Happy Planet
- Company type: Private
- Founded: 1994; 32 years ago
- Founders: Randal Ius, Gregor Robertson
- Headquarters: Burnaby, British Columbia
- Areas served: Canada, United States
- Products: Lemonade, fruit juices, smoothies, soups, milk, butter
- Website: http://happyplanet.com/

= Happy Planet =

Canadian juice and smoothie company

Happy Planet is a private company in Burnaby, British Columbia, Canada, known for making organic juices and smoothies. The company was started in 1994 by Randal Ius and Gregor Robertson. They originally started out with one farm producing carrot juice. At first, the company supplied primarily natural food stores and small restaurants and cafes. Now their products can be found Canada-wide as well as in parts of the Pacific Northwest United States. At present, the company ships several thousand bottles of juice per week.

==Products==
The company draws a large percentage of its raw products from local farms. Happy Planet produces three products lines: juices, cooler (a mix of juice and tea), and smoothies.
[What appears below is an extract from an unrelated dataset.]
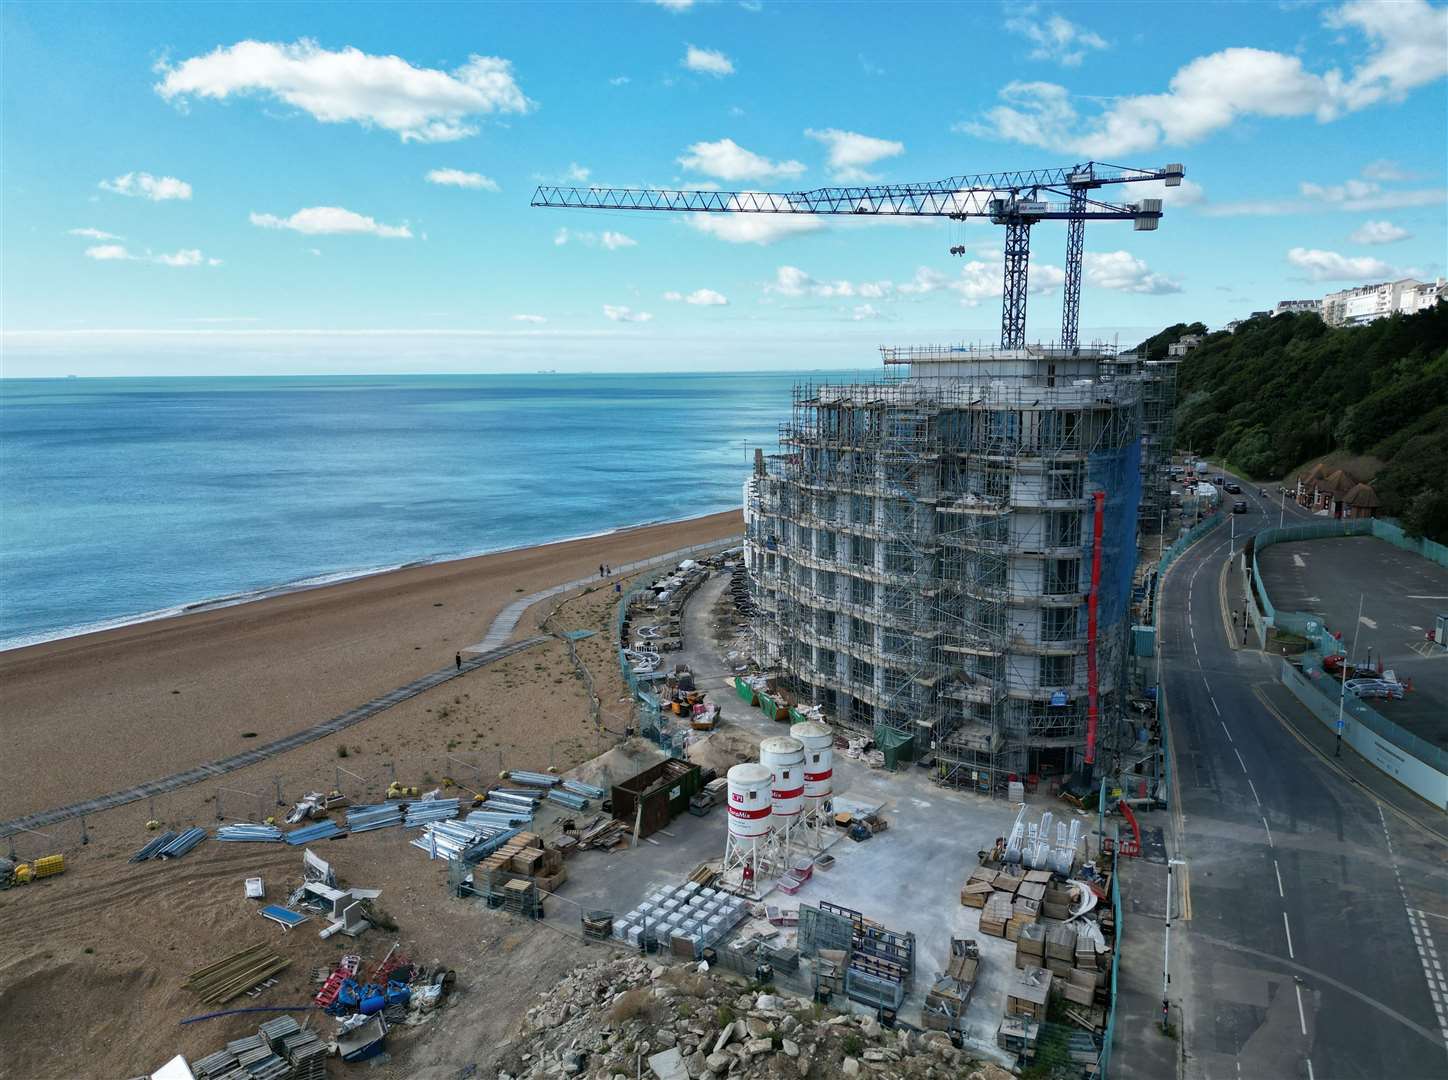 It is the first phase of the redevelopment of the seafront in Folkestone. Picture: Barry Goodwin
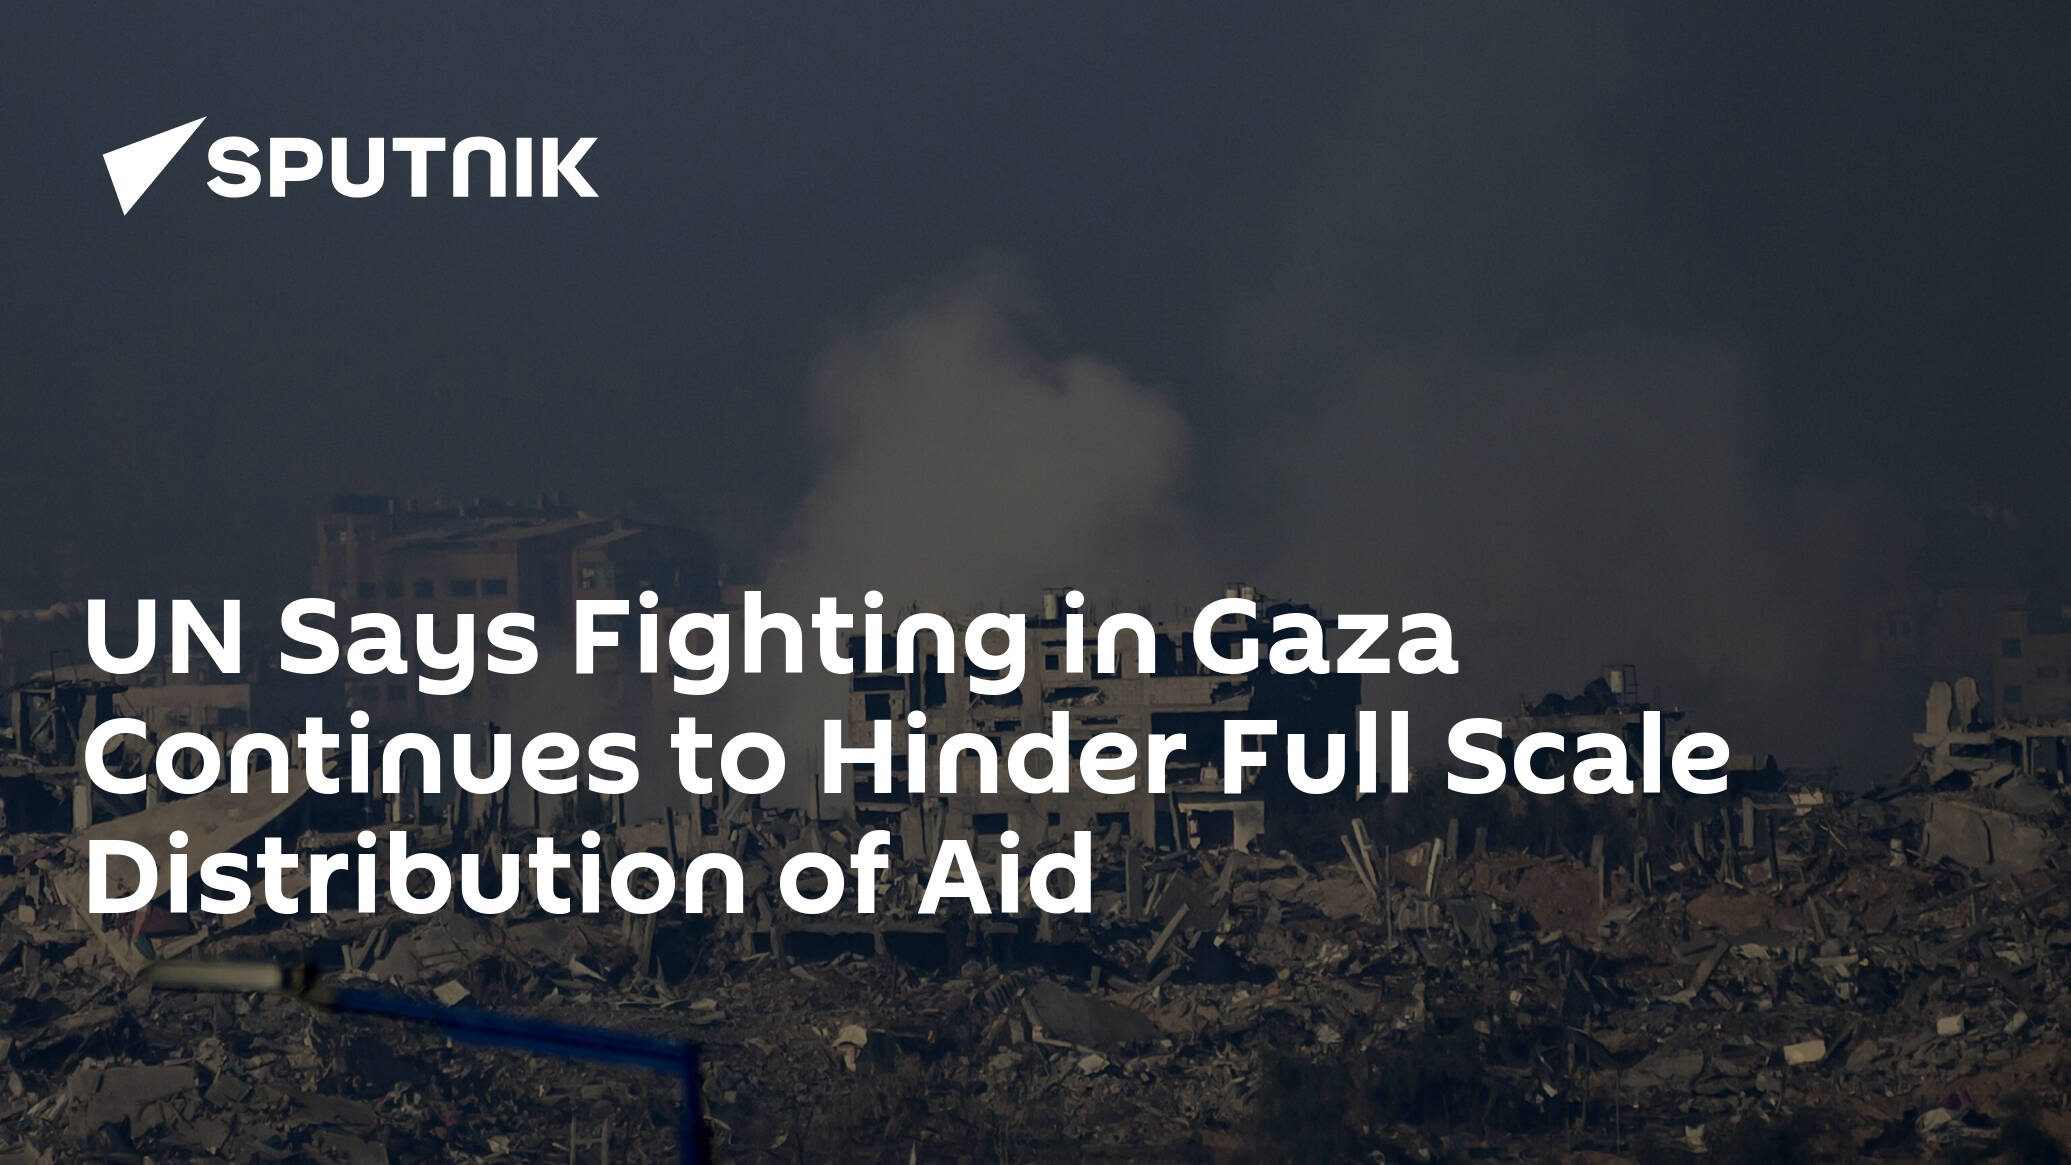 UN Says Fighting in Gaza Continues to Hinder Full Scale Distribution of Aid

Most of the company's products are certified organic by the Certified Organic Associations of British Columbia and certified Kosher by BC Kosher. In May 2008, they also began a line of prepackaged organic soups. In early 2017, the company began selling organic cow's milk and butter under the banner name Happy Planet Creamery.

==Gregor Robertson==
In 2005, Gregor Robertson left the company to run for the NDP in the riding of Vancouver-Fairview in the May 19 election. He subsequently became Mayor of Vancouver in 2008.